(Beginning of MATERIALS PROVIDED)

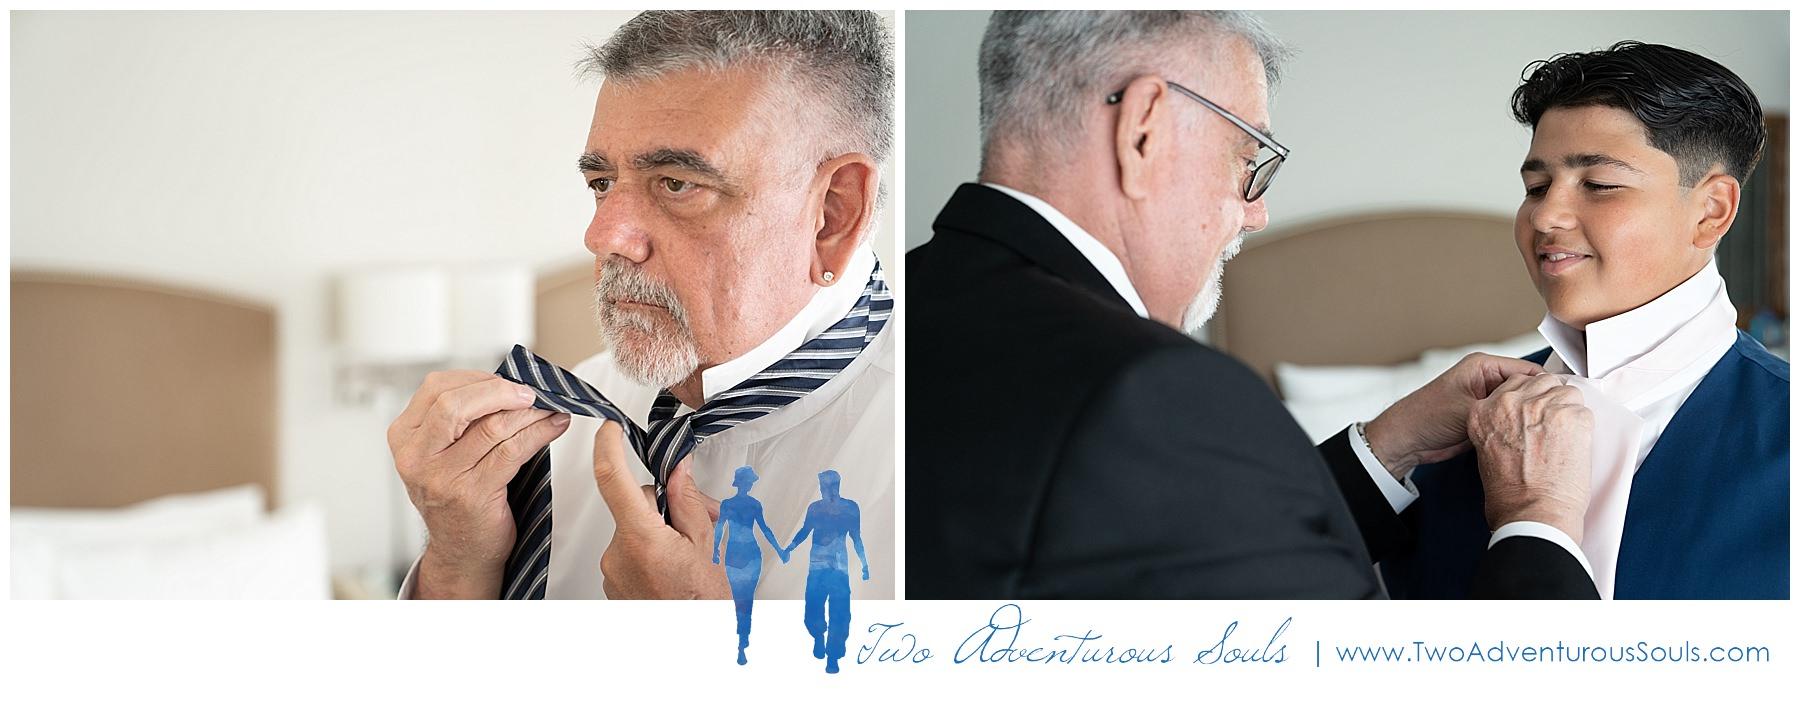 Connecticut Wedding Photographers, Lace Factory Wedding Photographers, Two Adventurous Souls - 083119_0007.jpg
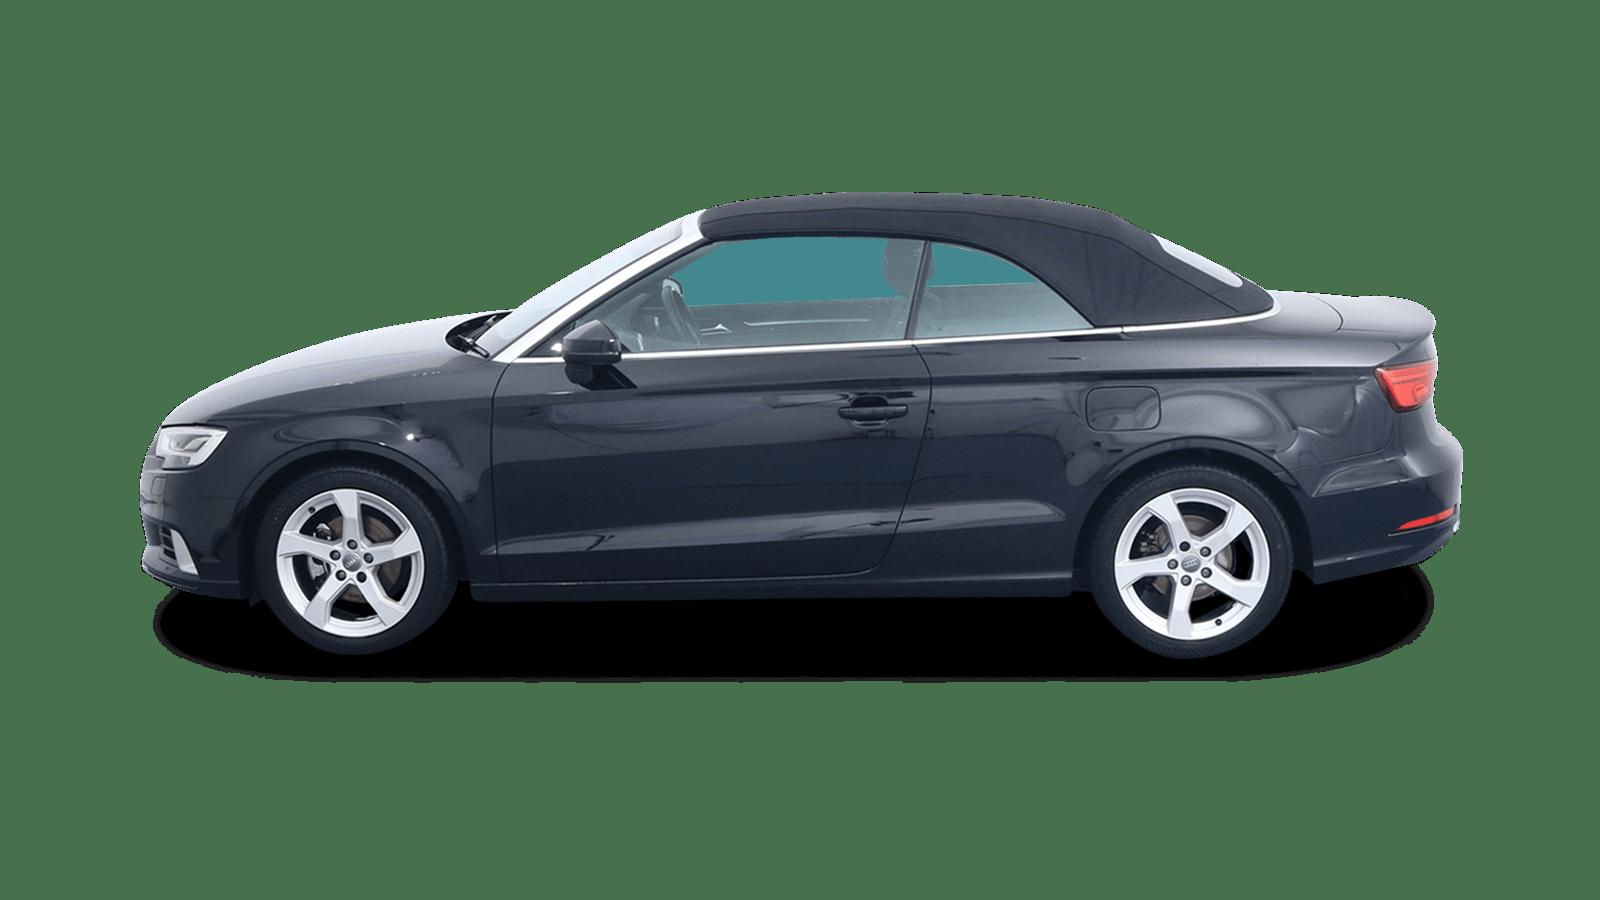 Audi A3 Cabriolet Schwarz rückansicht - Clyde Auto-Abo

(End of MATERIALS PROVIDED)
(Beginning of MATERIALS PROVIDED)

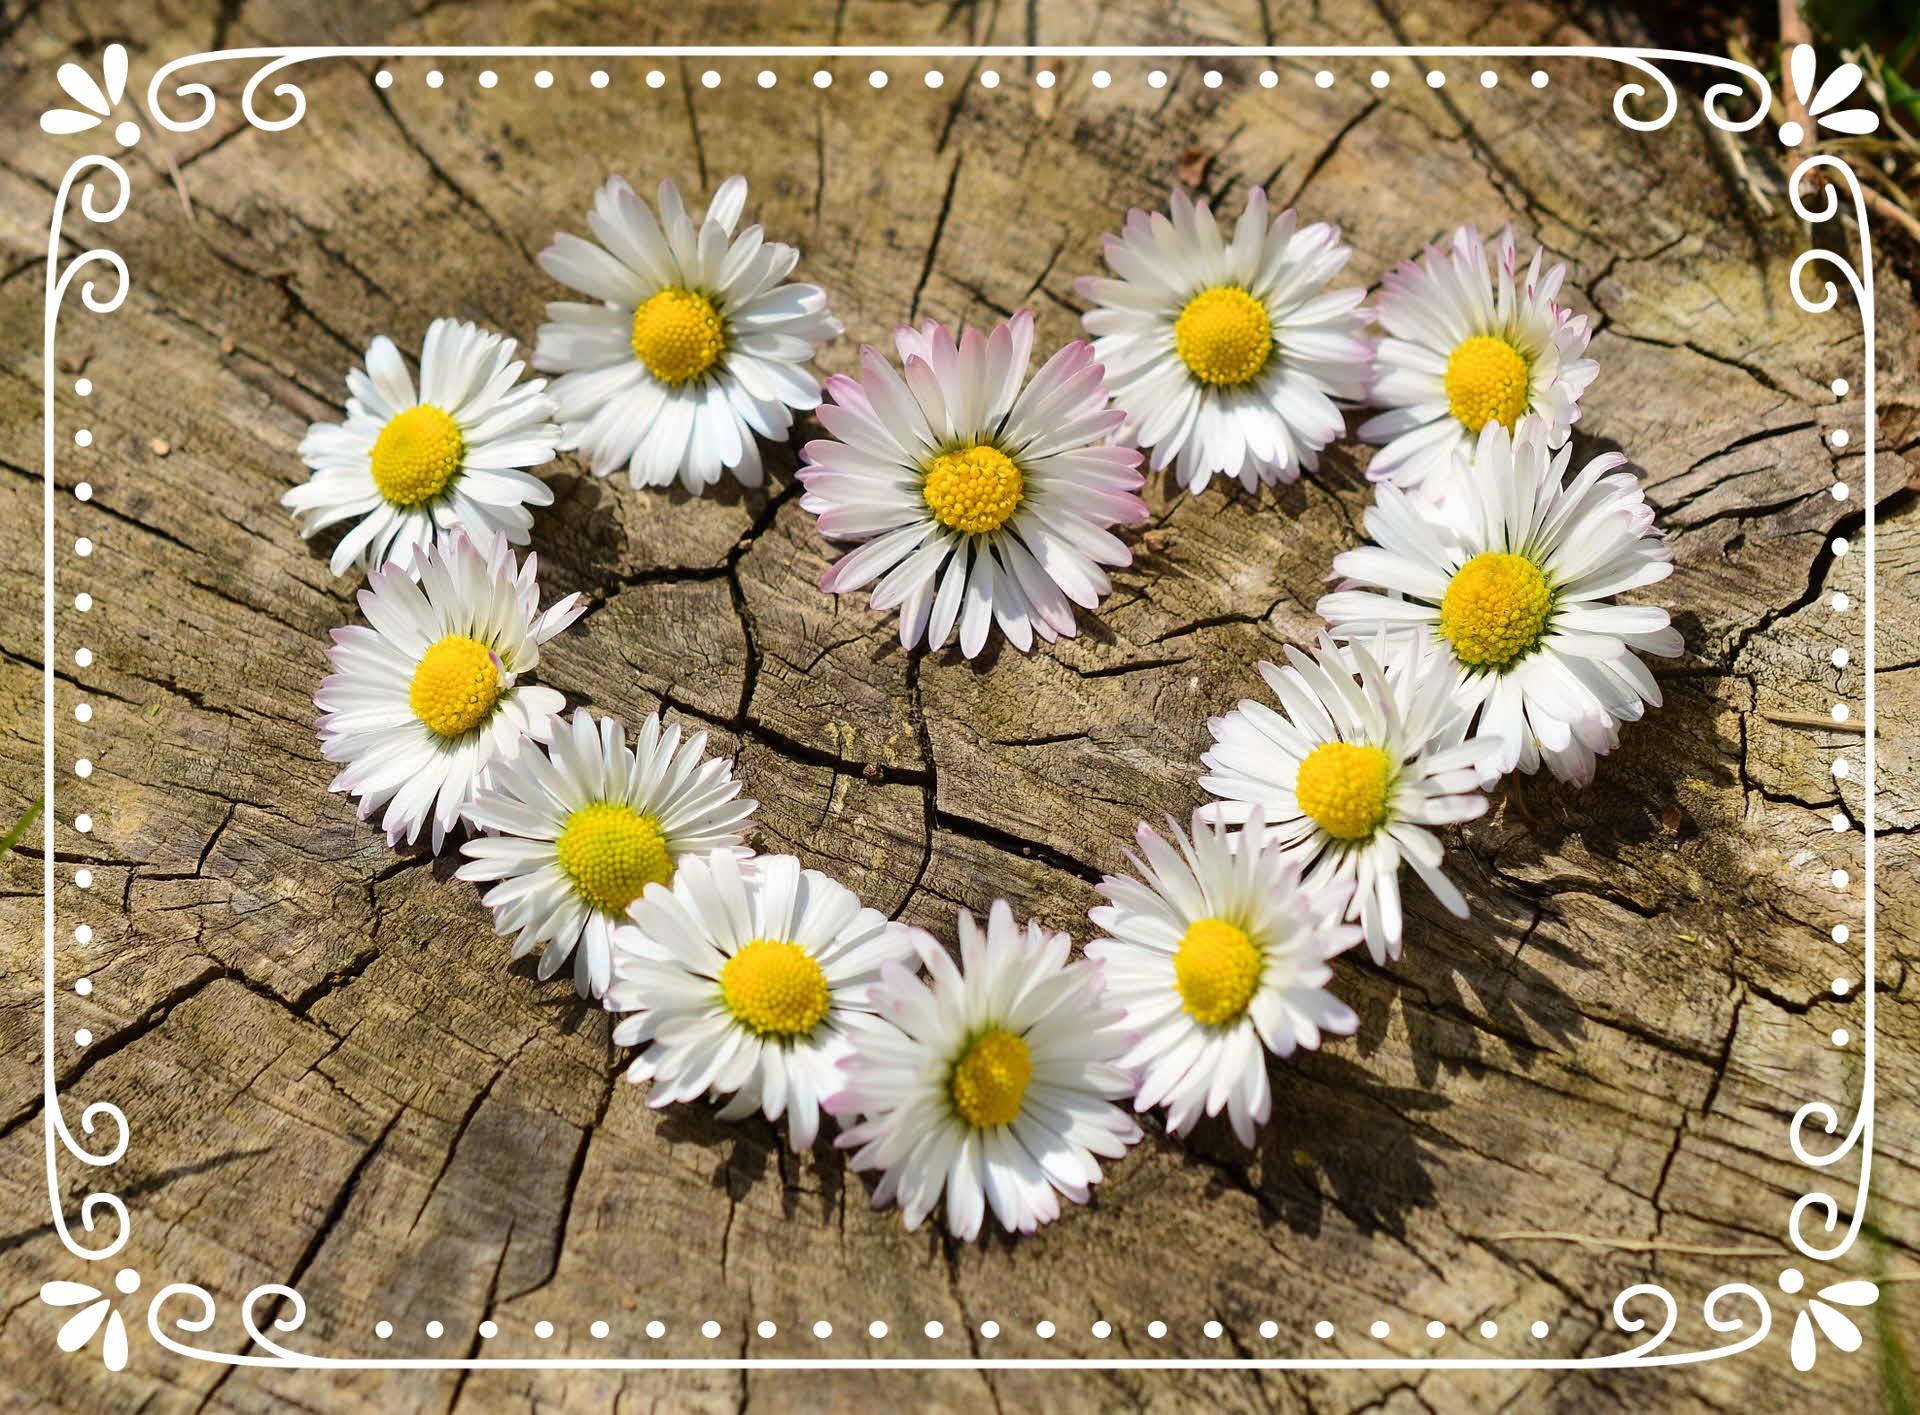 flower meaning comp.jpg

(End of MATERIALS PROVIDED)

**WHAT IS REQUIRED:**
Extract the part of the records that opens with the line containing "Connecticut Wedding Photographers, Lace" and closes with the line containing "Audi A3 Cabriolet". Take only those lines, exactly, and no pictures.

**RESPONSE AREA:**
 Connecticut Wedding Photographers, Lace Factory Wedding Photographers, Two Adventurous Souls - 083119_0007.jpg
 Audi A3 Cabriolet Schwarz rückansicht - Clyde Auto-Abo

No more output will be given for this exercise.